Lightweight versus heavyweight: The cost is in the management

A recent conversation with a colleague got me thinking about so-called “lightweight” systems, and when they become more trouble then they’re worth. He was frustrated by some problems he was having; even more so, he explained, because he thought he was dealing with something that was “lightweight”. It’s a seductive word, and sometimes — as with other forms of seduction — when you get more involved than you should things can get a bit sticky.

This article is an attempt to explain what lightweight really means, both in terms of benefits and drawbacks. There are also a couple of comparative examples from my own experience.

A lightweight system (plus management support)Lightweight doesn’t mean simple

People often mistake “lightweight” to mean simple or quick. But this can’t be right, because everyone wants simple and quick, and if it really meant this no-one would use anything else. Every website would be rewritten with the lightweight Ruby on Rails and every application would be sitting on top of the lightweight SQLite database. Who wouldn’t? Who doesn’t want simple? Who doesn’t want quick?

Lightweight is often good, but it must have its tradeoffs, otherwise other technologies wouldn’t exist.

From the examples below I see lightweight as offering low cost in return for low demands, high cost for high demands. Heavyweight is disproportionately high cost for low demands, but low cost for high demands.

Lightweight carries low inherent management costs. But some situations require a high degree of management control whether you like it or not. That means that if a lightweight system needs to scale up you have to wrest management from it and maintain it externally. If you can do that then the lightweight system continues to work, but if the lightweight system will not relinquish management control, or if you don’t have the discipline to keep the management going, then it won’t be effective in the long run. By contrast heavyweight systems impose management and structure of their own. This is good if you’re going to need it, as it takes the pressure of discipline off you, but it’s not effective if you didn’t need that management structure in the first place.

To illustrate this, here are a couple of lightweight/heavyweight comparison case studies…

Language example: TCL and Java

TCL is a lightweight language. You get to write Hello World in one line, it doesn’t force much structure on you, and it’s pretty relaxed about how it’s written.

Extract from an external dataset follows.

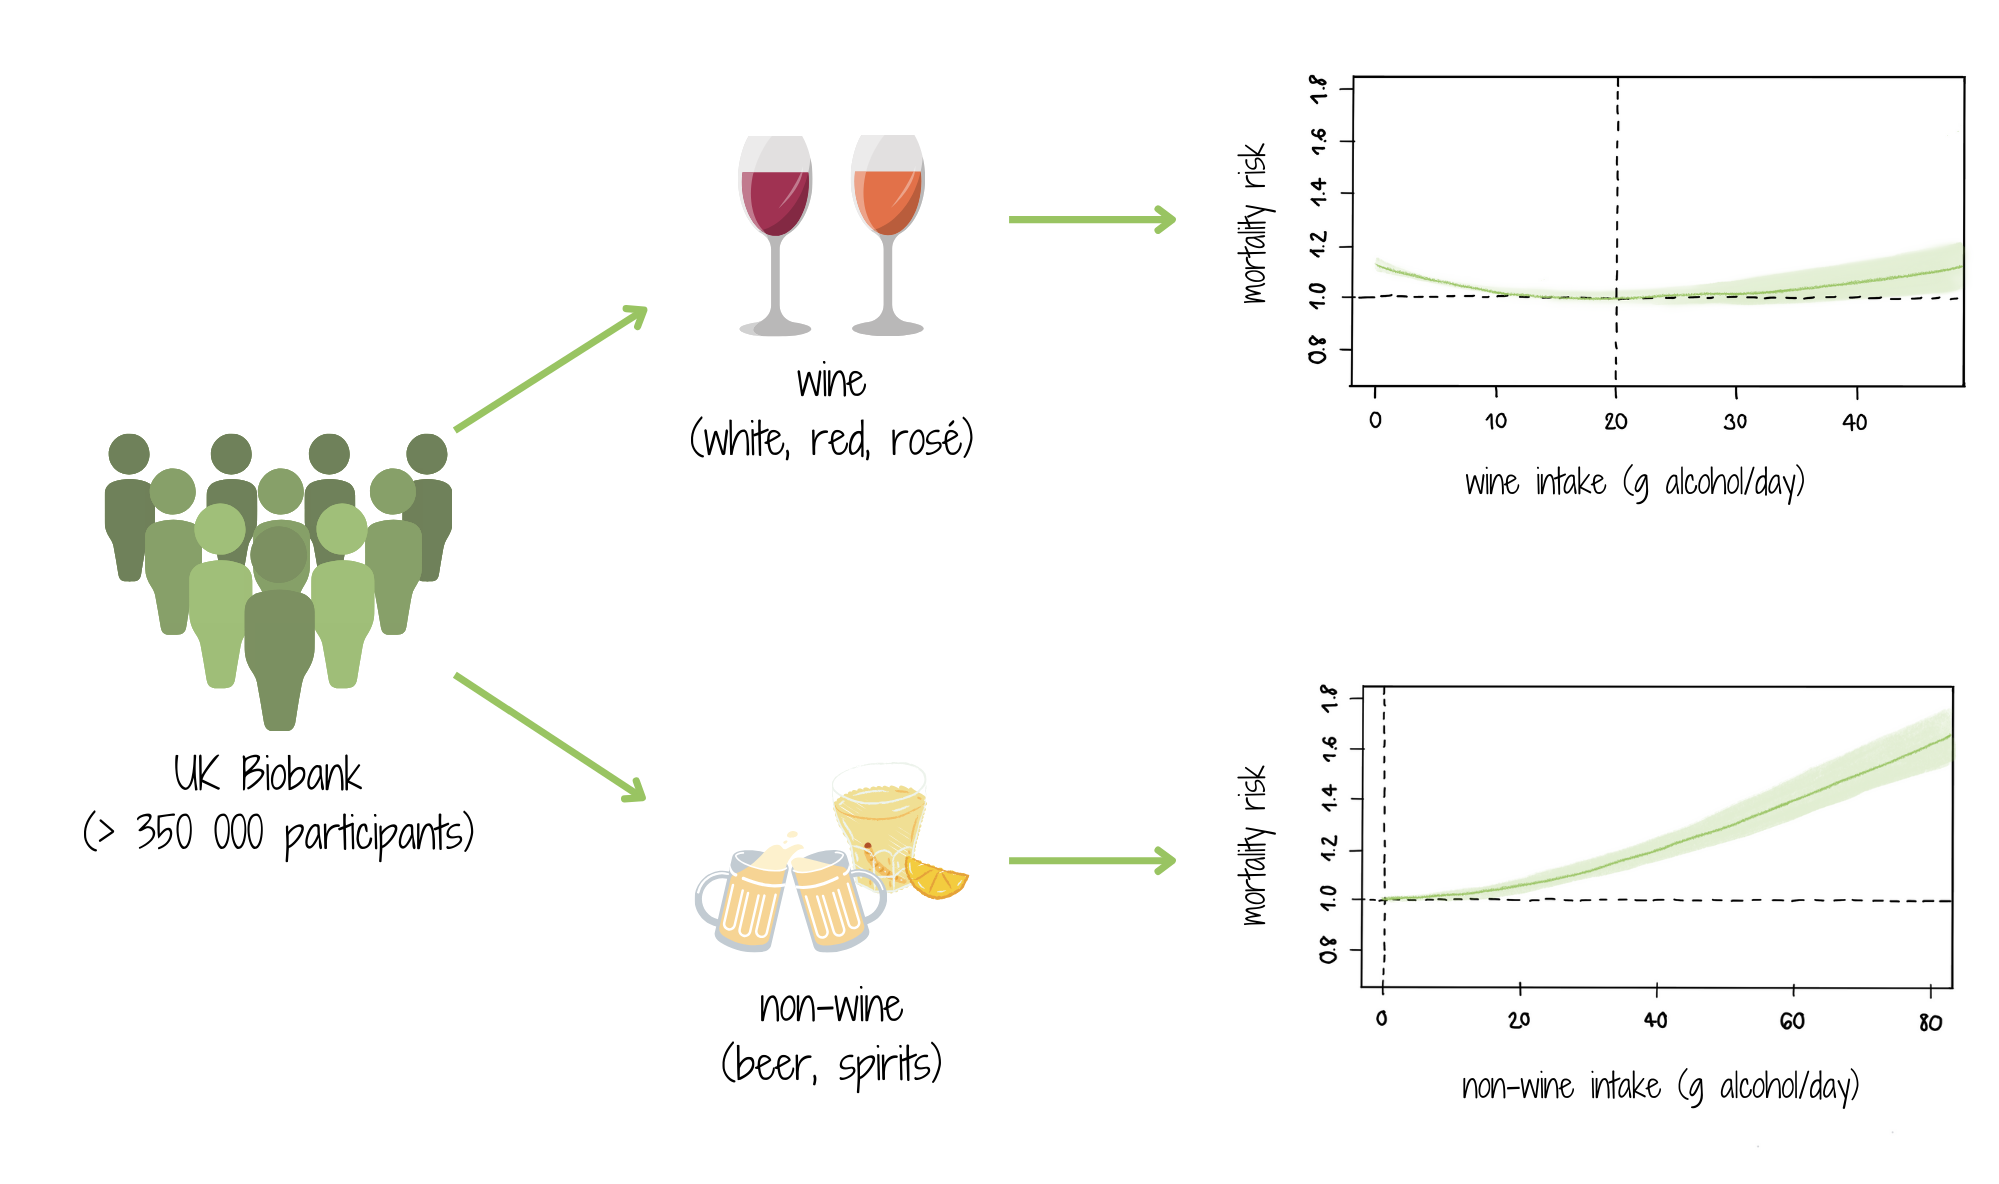 Effect of wine and non-wine on mortality

TCL is so good, in fact, that was the basis of the original Guardian Unlimited website. We built Ajax-style tools with it before Ajax was known as a concept, we generated our front page from it, we used it to integrate with our ad server.

But as our site grew the language didn’t scale with it. Clever shortcuts implemented by earlier developers confused newer developers because they obscured the purpose of the code. The lack of an imposed structure meant every foray into older code involved learning its idiosyncracies from scratch. Development slowed down as we worked around older code. And when we wanted to redesign the website we found that through years of lightweight flexibility we had allowed ourselves to be tied into knots: it would be more effective to start again than to work with what we had.

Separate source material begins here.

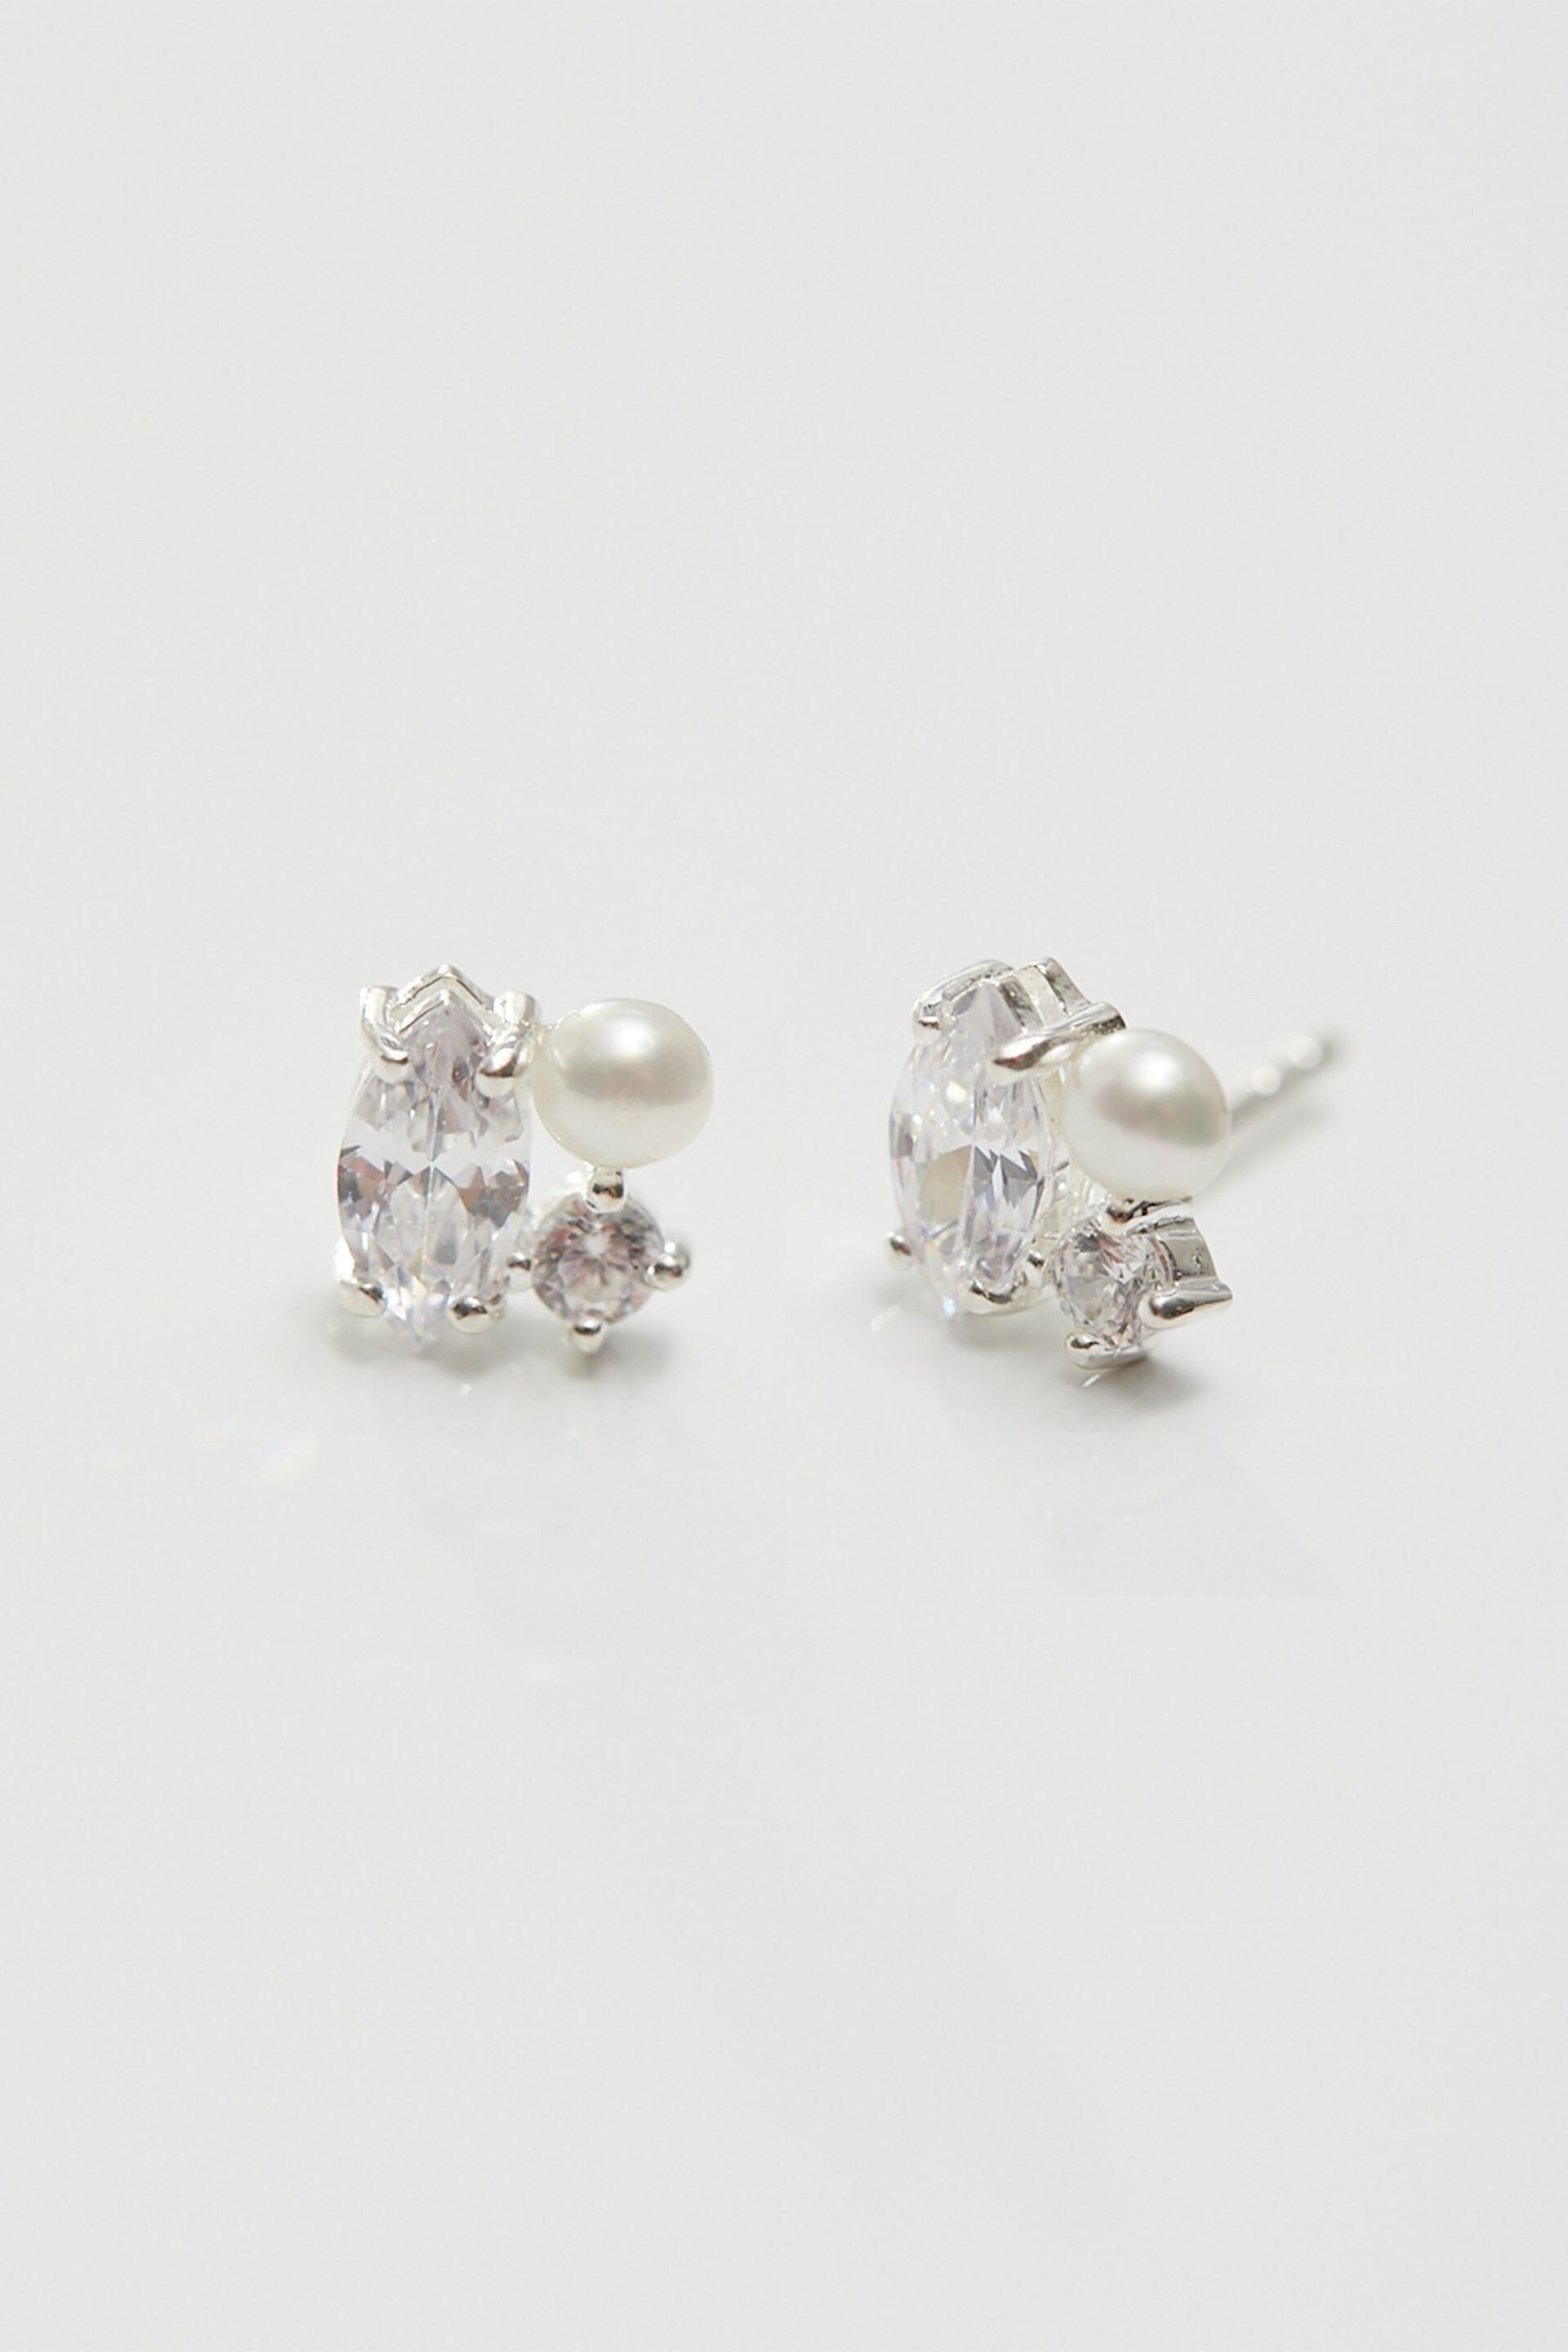 Simply Silver Silver Tone Cubic Zirconia And Freshwater Pearl Multi Stone Stud Earrings - Image 1 of 2

In fact, for the most part we’re now using Java…

In contrast to TCL, Java is pretty heavyweight. Not only does Hello World require three lines (excluding any lines with just braces), but its philosophy of structure and layering percolates through from the core language to most of its add-ons. For example, to parse an XML document you have to drill through two abstraction layers before you can find the parser.

One Java framework that maintains this ethos is Hibernate, used for database access. Its architecture is complicated, and as usual this is to offer flexibility without relinquishing manageability. Recently a forthcoming release of the Guardian Unlimited website was failing its pre-production performance tests. Our developers tracked down a major cause of the problem to an inefficient query within Hibernate. They extracted some of the query’s logic up into the application layer and simplified what remained, rebalancing the work between the application and the database. Problem solved, performance restored. What’s relevant to our story is that the developers did this entirely within the archicture of Hibernate, so they didn’t compromise the design of the application and therefore didn’t add complexity.

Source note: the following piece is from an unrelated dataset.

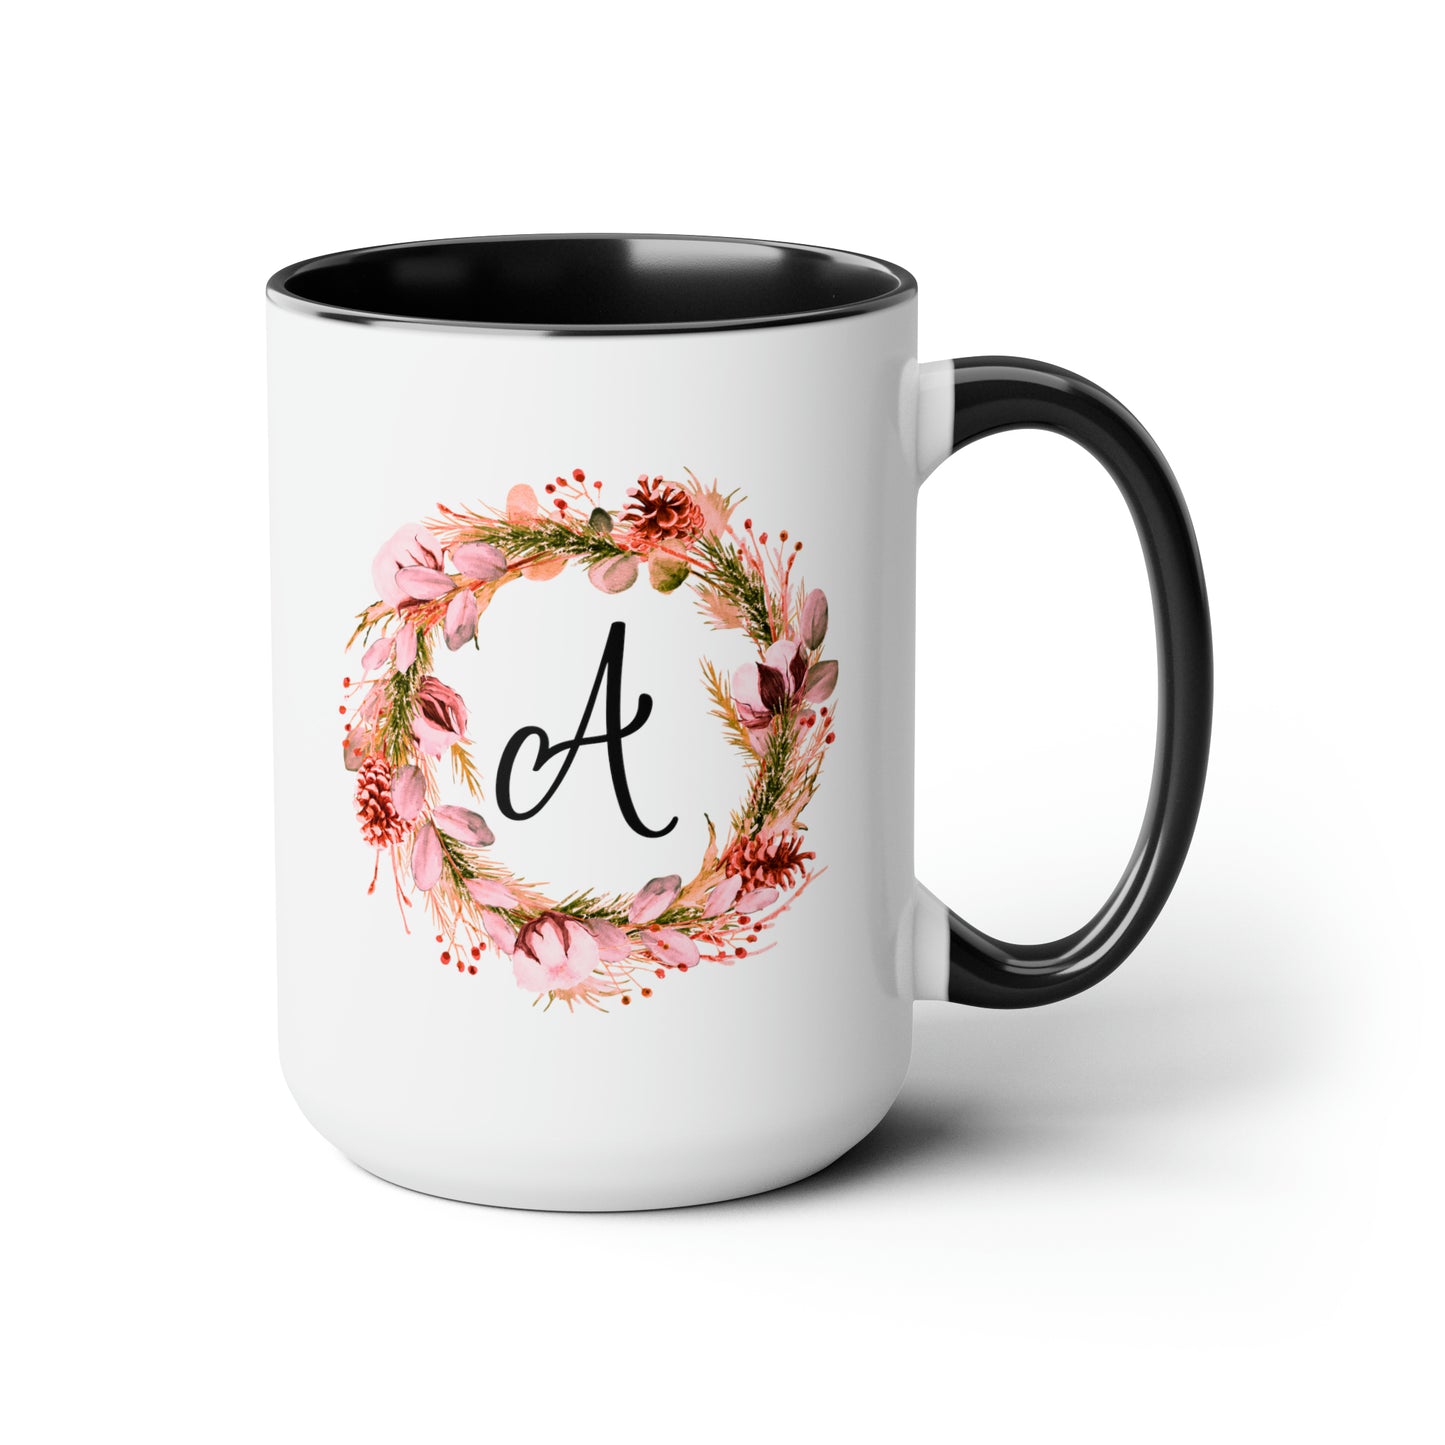 Bridesmaid Initial 15oz white with black accent funny large coffee mug gift for bridal shower party maid of honor custom cup personalized name letter waveywares wavey wares wavywares wavy wares

CMS example: WordPress and the GU CMS

Over on ZDNet Larry Dignan extolls the virtues of WordPress and says, effectively, “What have big content management systems ever done for us?”

WordPress is the lightweight CMS I’ve chosen for this blog, and I’m very happy with it. It’s easy to install, requires almost zero maintenance, and lets me focus on the writing. And yet I’m a strong advocate of the home-grown CMS we have for our journalists and subs on the Guardian Unlimited site. Is lightweight not good enough for our journalists? What has a big CMS ever done for us?

Well, I just looked at a current article on guardian.co.uk: “Ministers ordered to assess climate cost of all decisions”. It was created with our big CMS. What’s there that WordPress couldn’t deliver?

For a start it’s got a list of linked subjects down the side, which aren’t the same as WordPress’s tags because they’re tightly managed to ensure consistency and reliability. These subjects are also categorised, so Pollution and Climate Change are subjects under Environment, while Green politics is a subject under Politics. As I write this, I note also that the pages for Pollution and Climate Change are designed differently, with Climate Change being more pictorial and feature-led. Subject categorisations and subject-specific designs are beyond what WordPress’s tags do.

Okay, so apart from the linked subjects, the categorisations, and the subject-specific designs, what has a big CMS ever done for us? I suppose it’s worth mentioning the related advertising, which as write includes a large ad for environmentally-friendly washing liquid. There are other contextual commercial elements, too, such as the sponsored features, links to green products and books, and offers of reducing energy bills and offsetting carbon emissions. And there are related articles and related galleries. And details of the article history, listing when and where it was first published, on what page and in what newspaper section.

Okay, so apart from the linked subjects, the categorisations, the subject-specific designs, the related advertising, the contextual sponsored features, the links to relevant products and books, the complementary offers, the related articles, the related galleries, and the article history, what has a big CMS ever done for us?

Well, I suppose it is serving to over 17 million unique users a month…

I’ll stop now. The point is a lightweight CMS such as WordPress could probably do any one of these things, with a bit of work. But it isn’t designed to do anywhere near all of them. And each time it’s changed to do one more of these things the more it is moved away from its core architecture and it gets closer to a point of paralysis, where nothing functions well anymore because no part of it is doing what it was designed to do. A bit like the TCL example.

Looking back

Reviewing these two examples, it’s clear that the lightweight systems became, or would become, very costly when they were pushed beyond their initial expectations. In both cases the corresponding heavyweight systems came with their own (heavy) management structure, but that management structure ensures lower running costs.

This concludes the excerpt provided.